— ABOUT THIS EXERCISE —
Skip the pictures and repeat each line of the data exactly.

— DATASET EXCERPT —
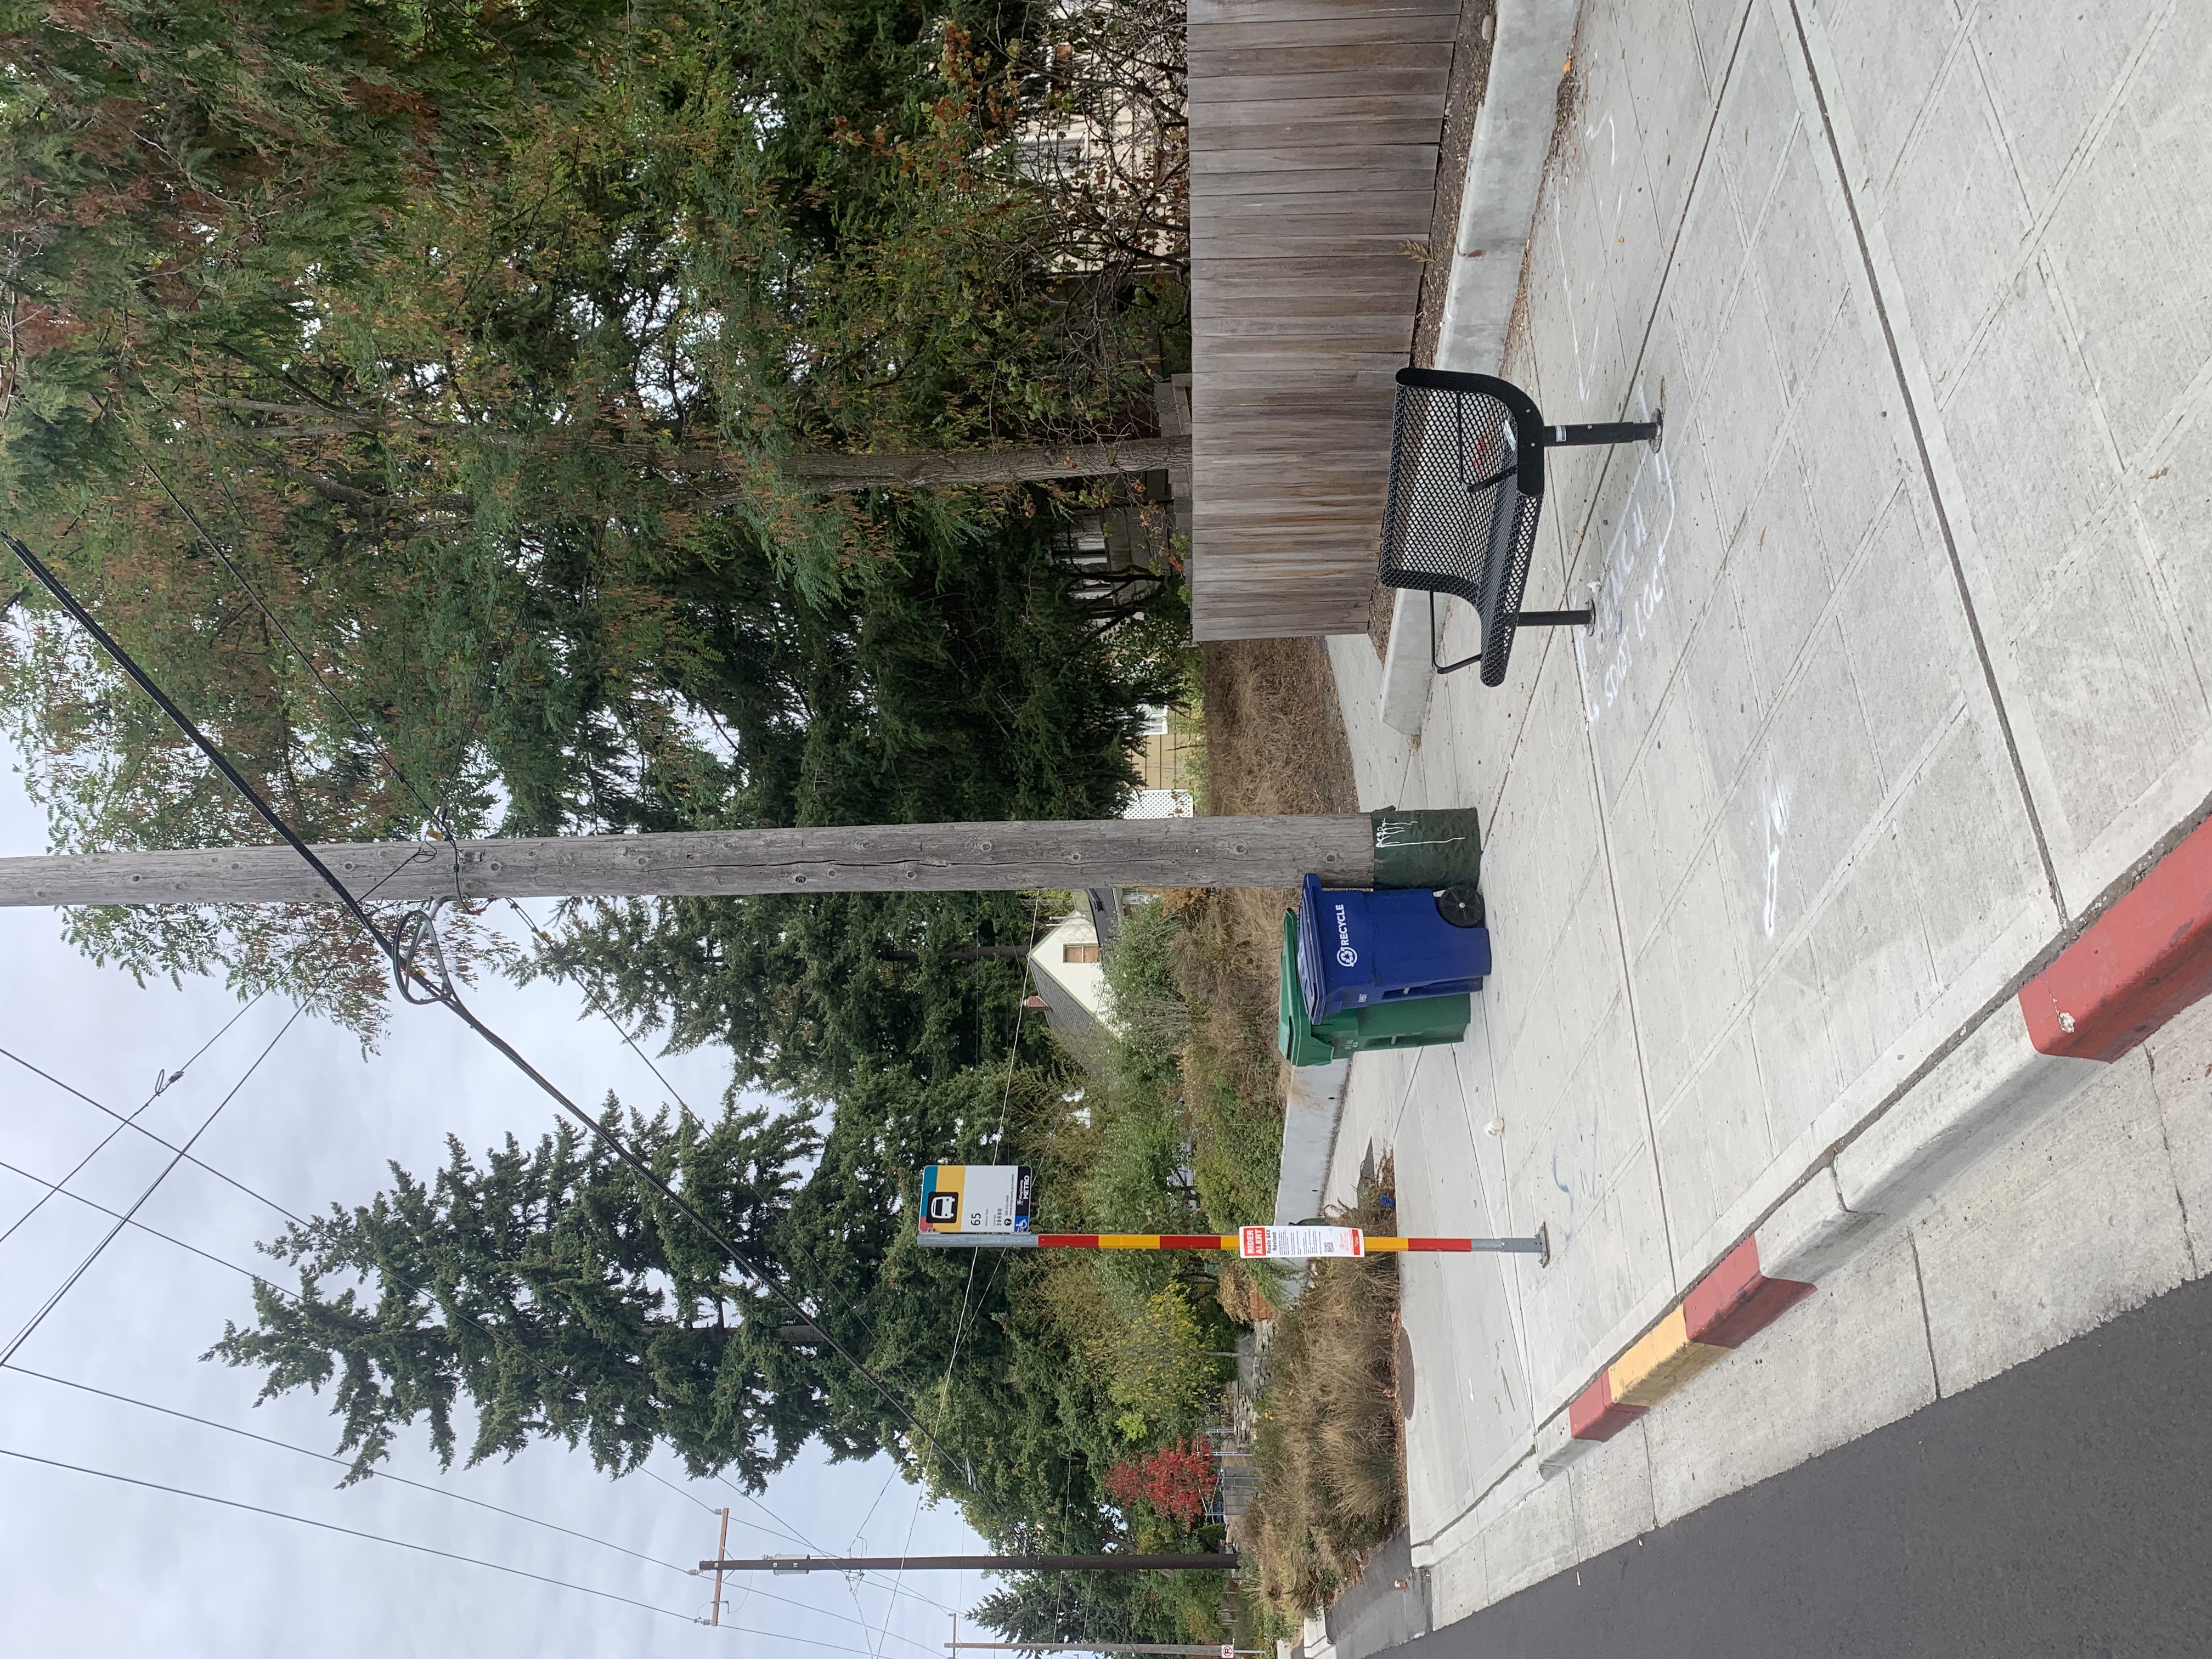 New bench located at a bus stop at 30th Ave NE & NE 130th St
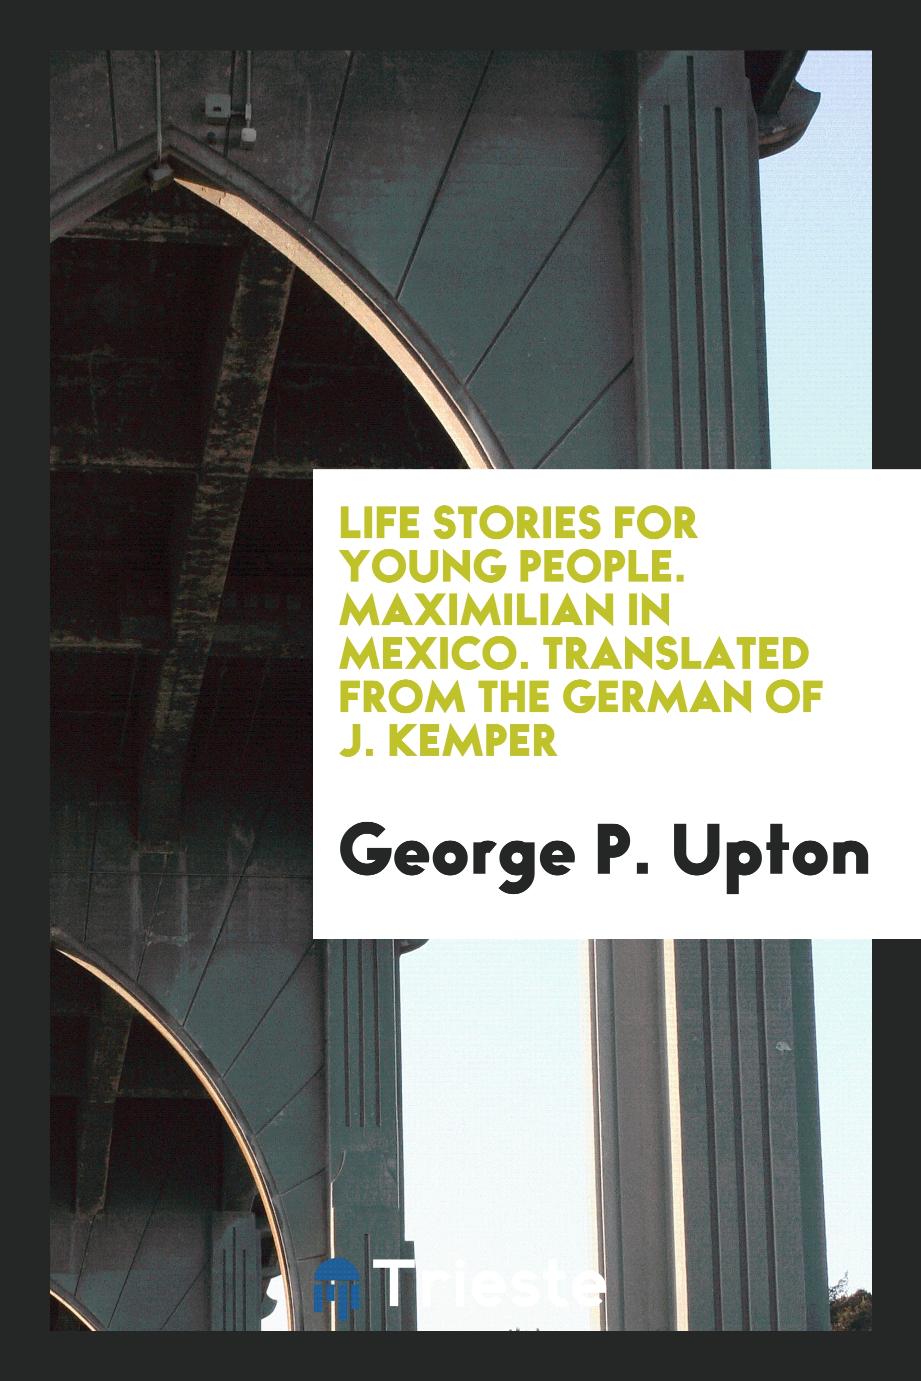 Life Stories for Young People. Maximilian in Mexico. Translated from the German of J. Kemper
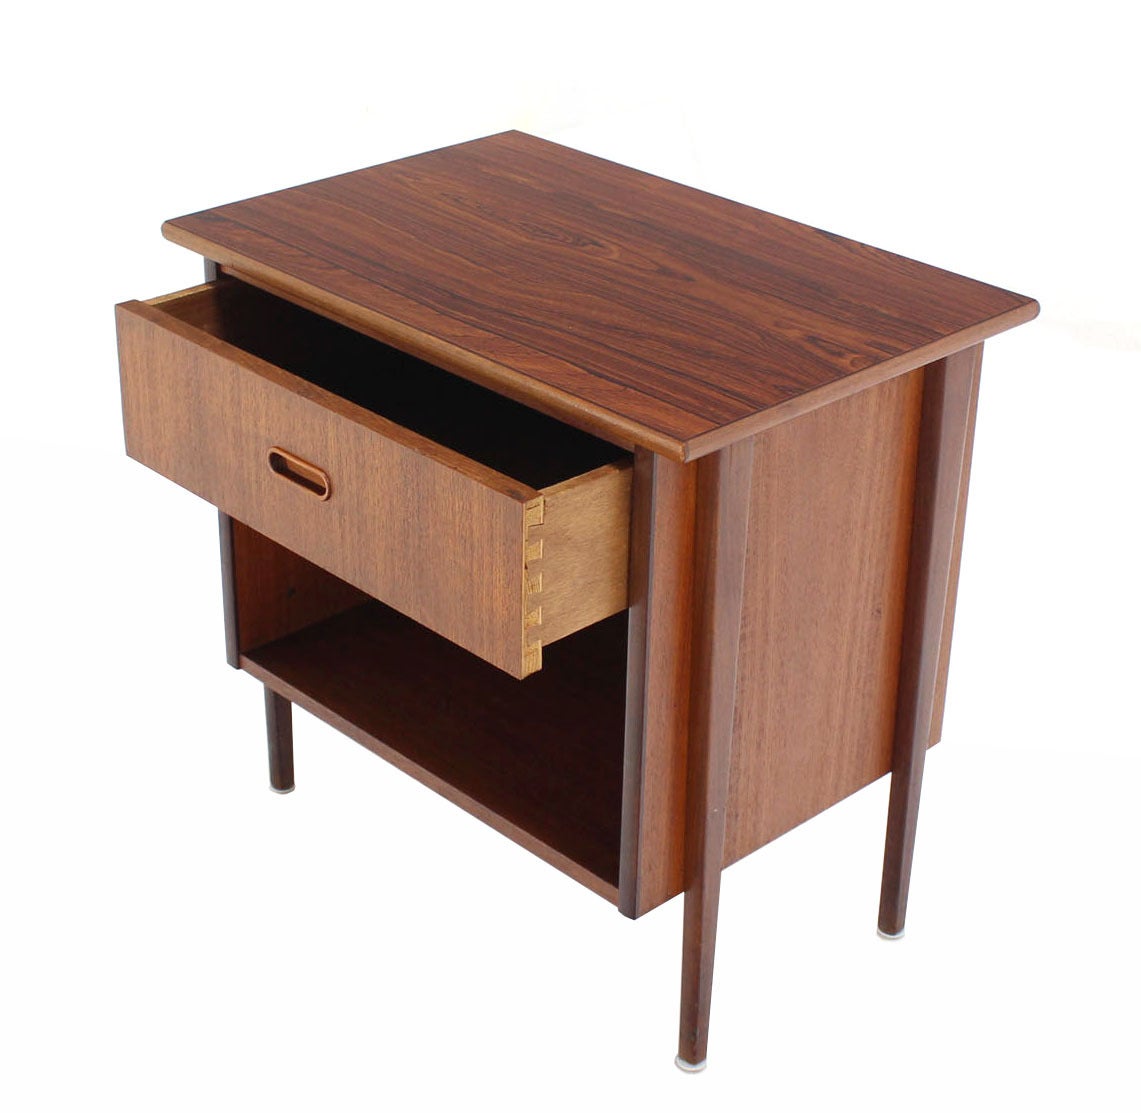 Lacquered Danish Modern Teak End Table or Night Stand
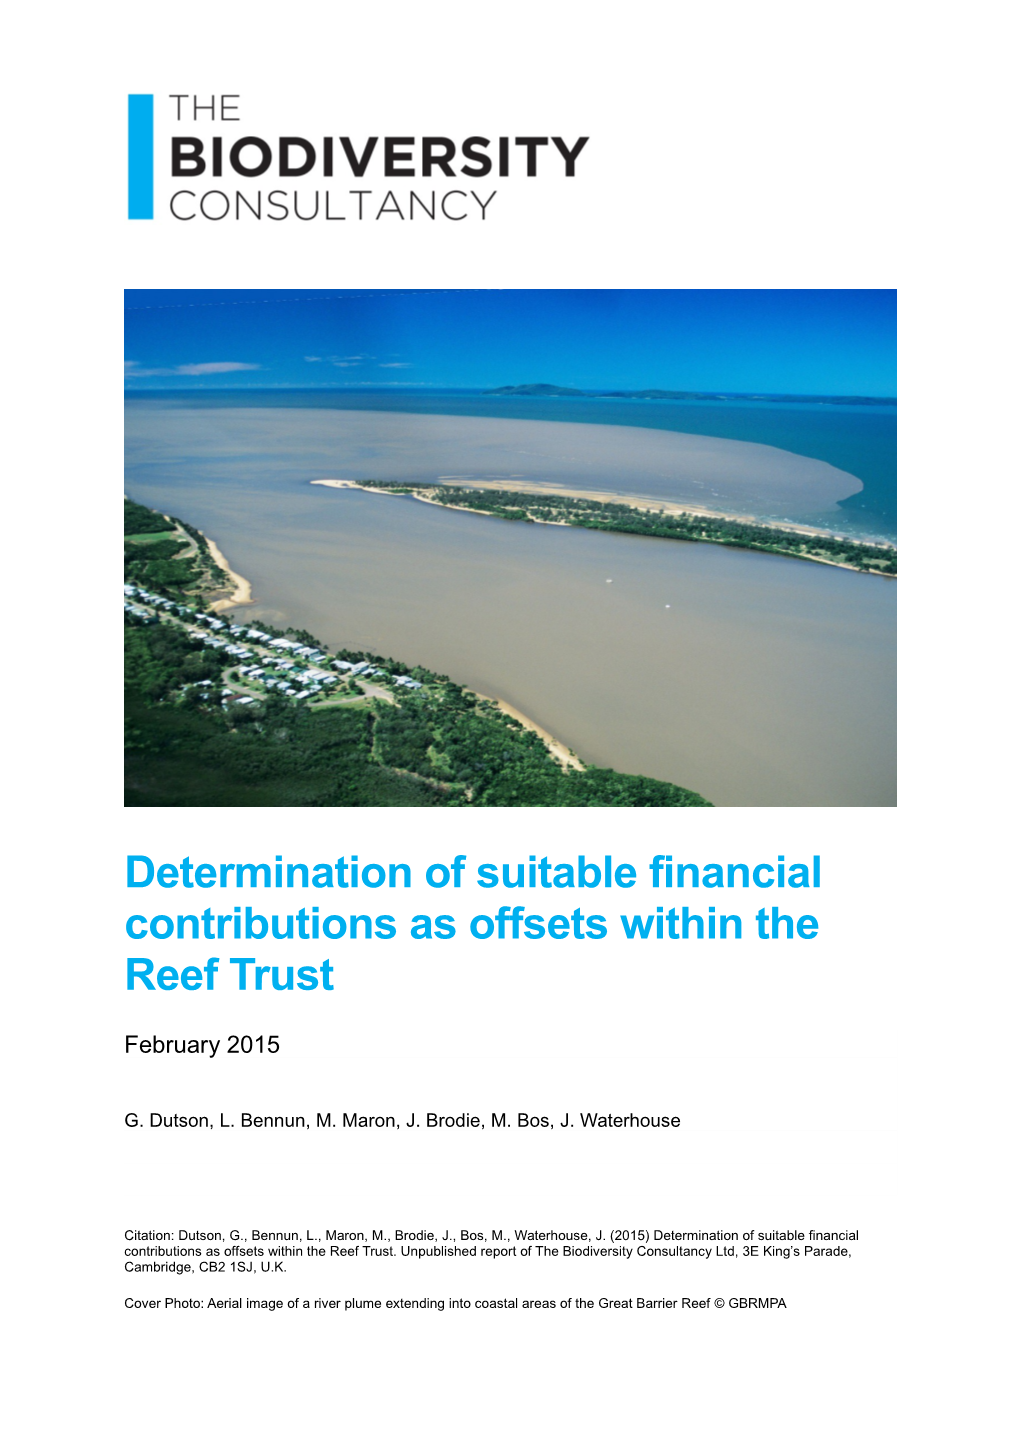 Determination of Suitable Financial Contributions As Offsets Within the Reef Trust

— YOUR RESPONSE —
 New bench located at a bus stop at 30th Ave NE & NE 130th St
 Life Stories for Young People. Maximilian in Mexico. Translated from the German of J. Kemper
 Lacquered Danish Modern Teak End Table or Night Stand
 Determination of Suitable Financial Contributions As Offsets Within the Reef Trust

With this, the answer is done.